→ **INFORMATION SUPPLIED**:
□ □ □

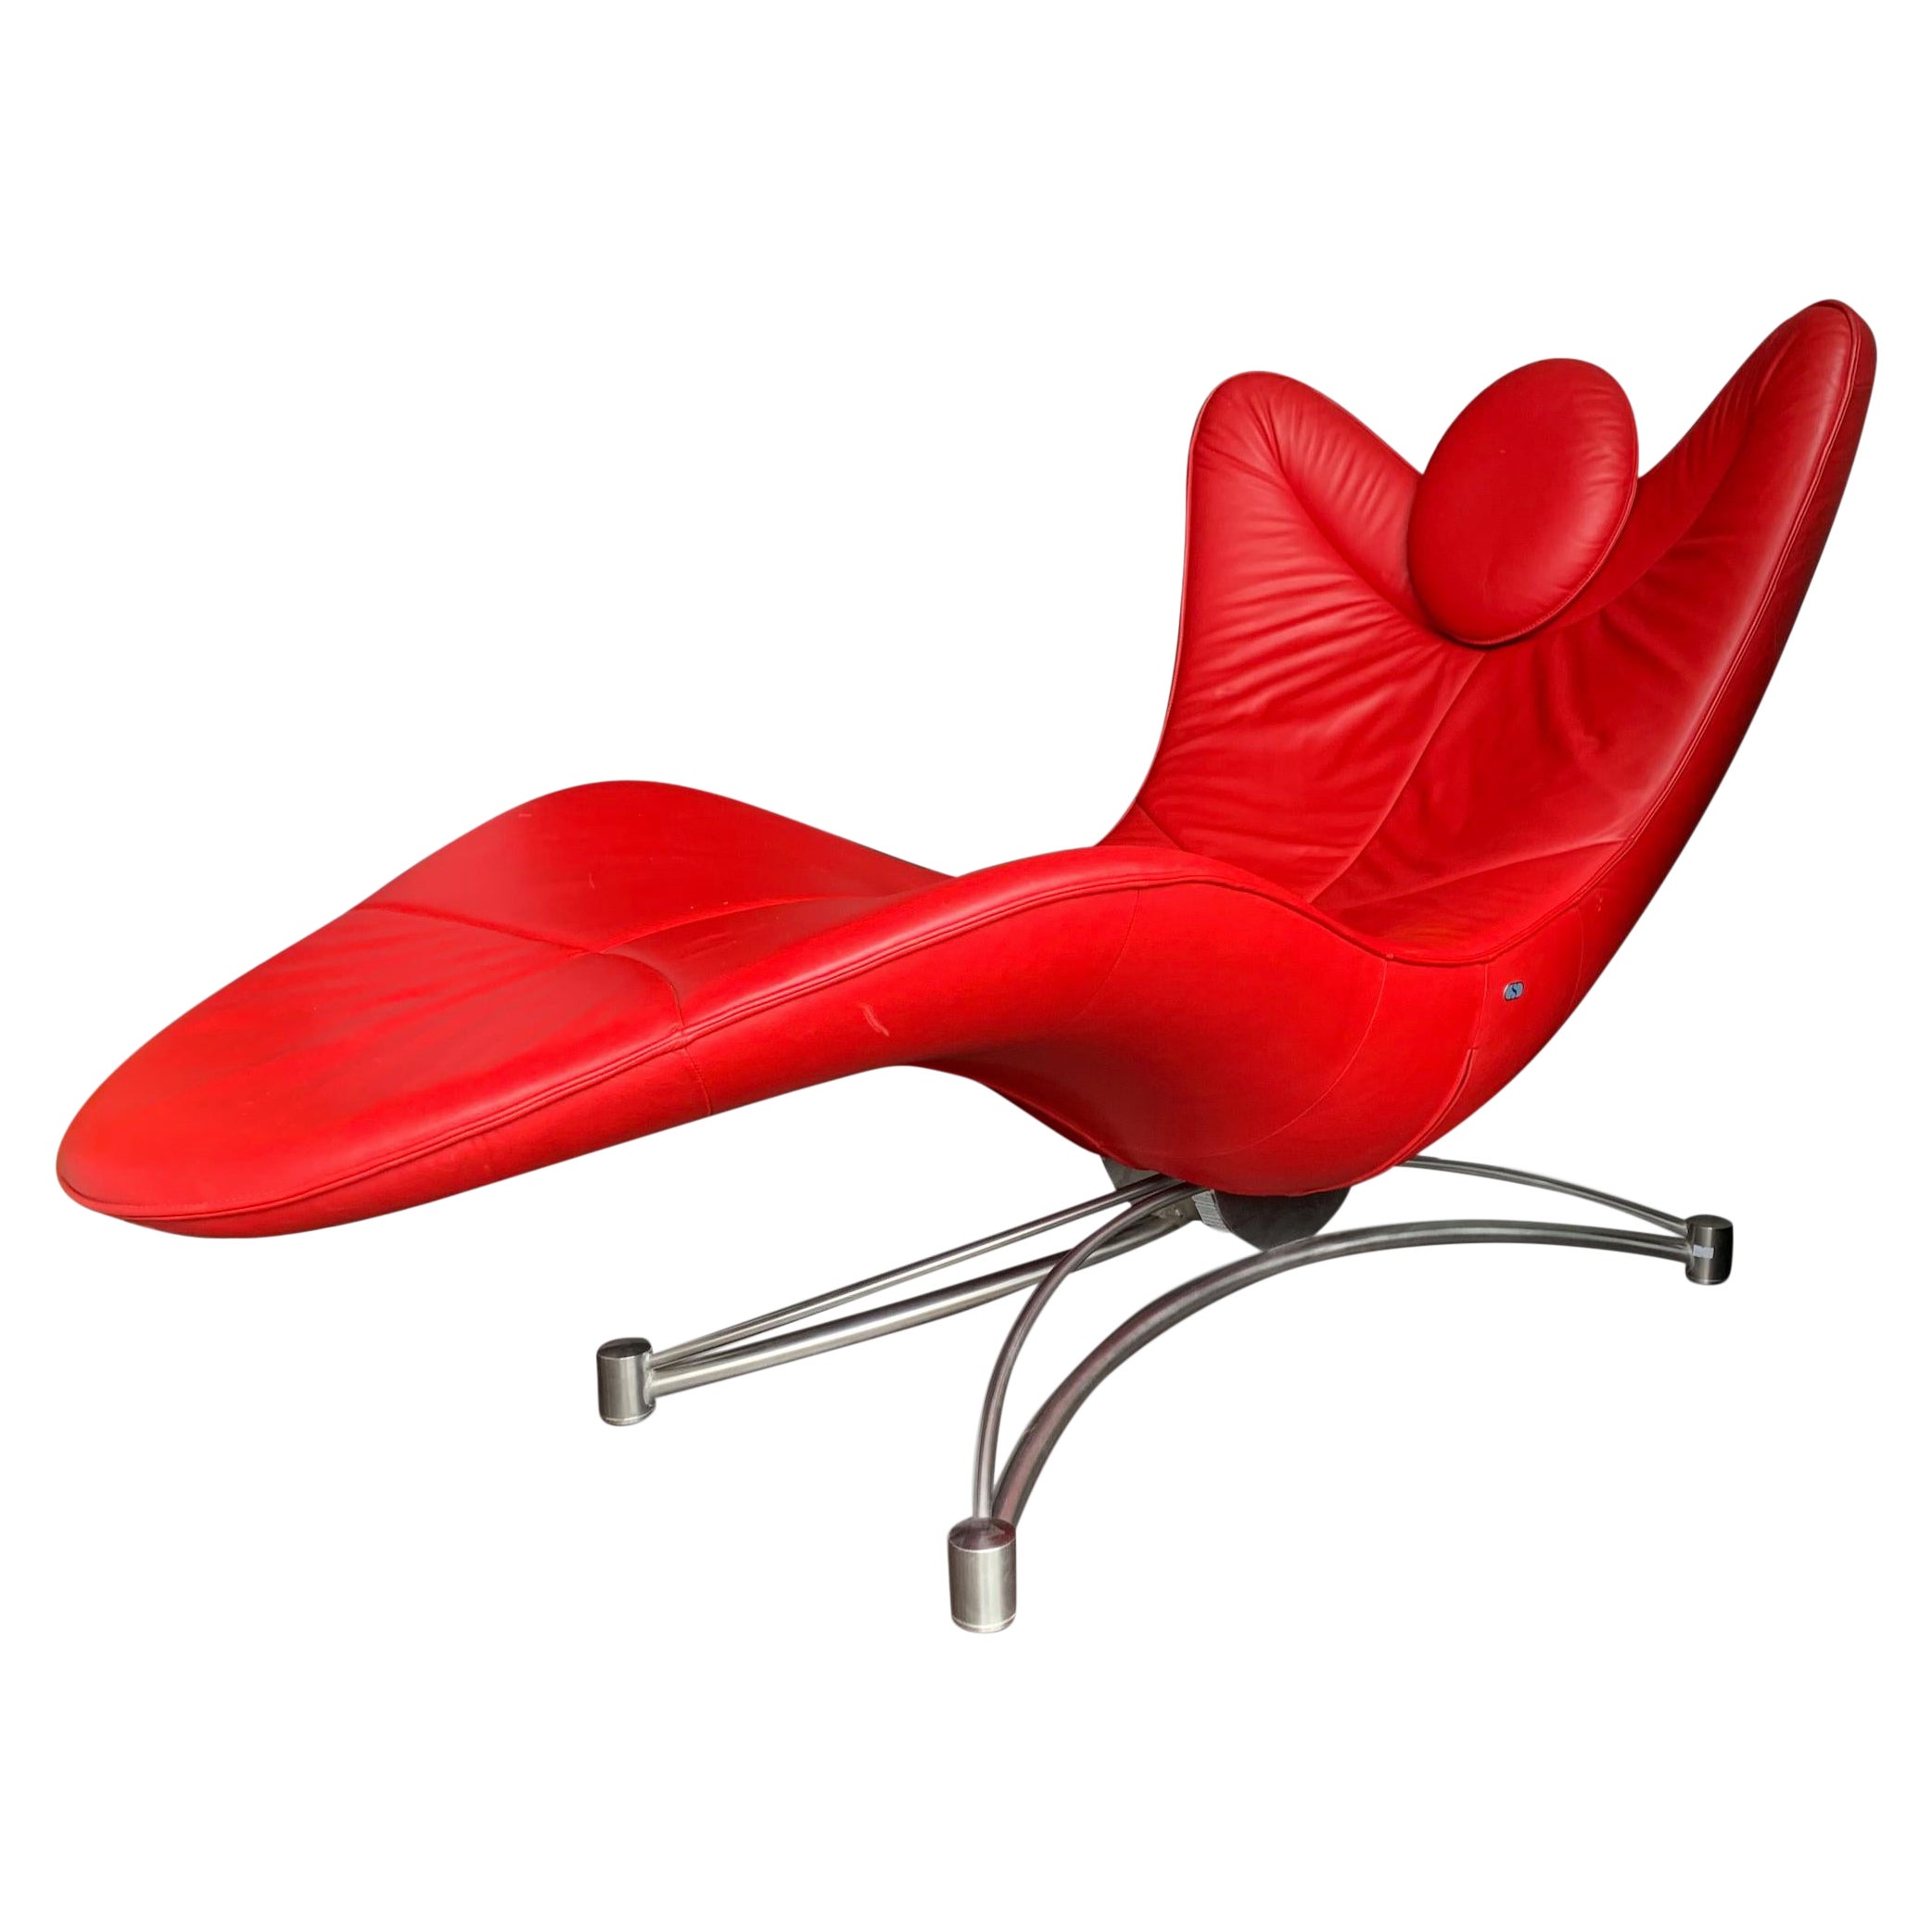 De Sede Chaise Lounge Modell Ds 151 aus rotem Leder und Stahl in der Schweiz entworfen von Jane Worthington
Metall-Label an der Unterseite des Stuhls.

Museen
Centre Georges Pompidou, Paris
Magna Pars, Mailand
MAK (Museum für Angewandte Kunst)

□ □ □

→ **THE TASK**: Copy out the entries verbatim and leave the images out.

→ **SOLUTION**:
 De Sede Chaise Lounge Modell Ds 151 aus rotem Leder und Stahl in der Schweiz entworfen von Jane Worthington
Metall-Label an der Unterseite des Stuhls.

Museen
Centre Georges Pompidou, Paris
Magna Pars, Mailand
MAK (Museum für Angewandte Kunst)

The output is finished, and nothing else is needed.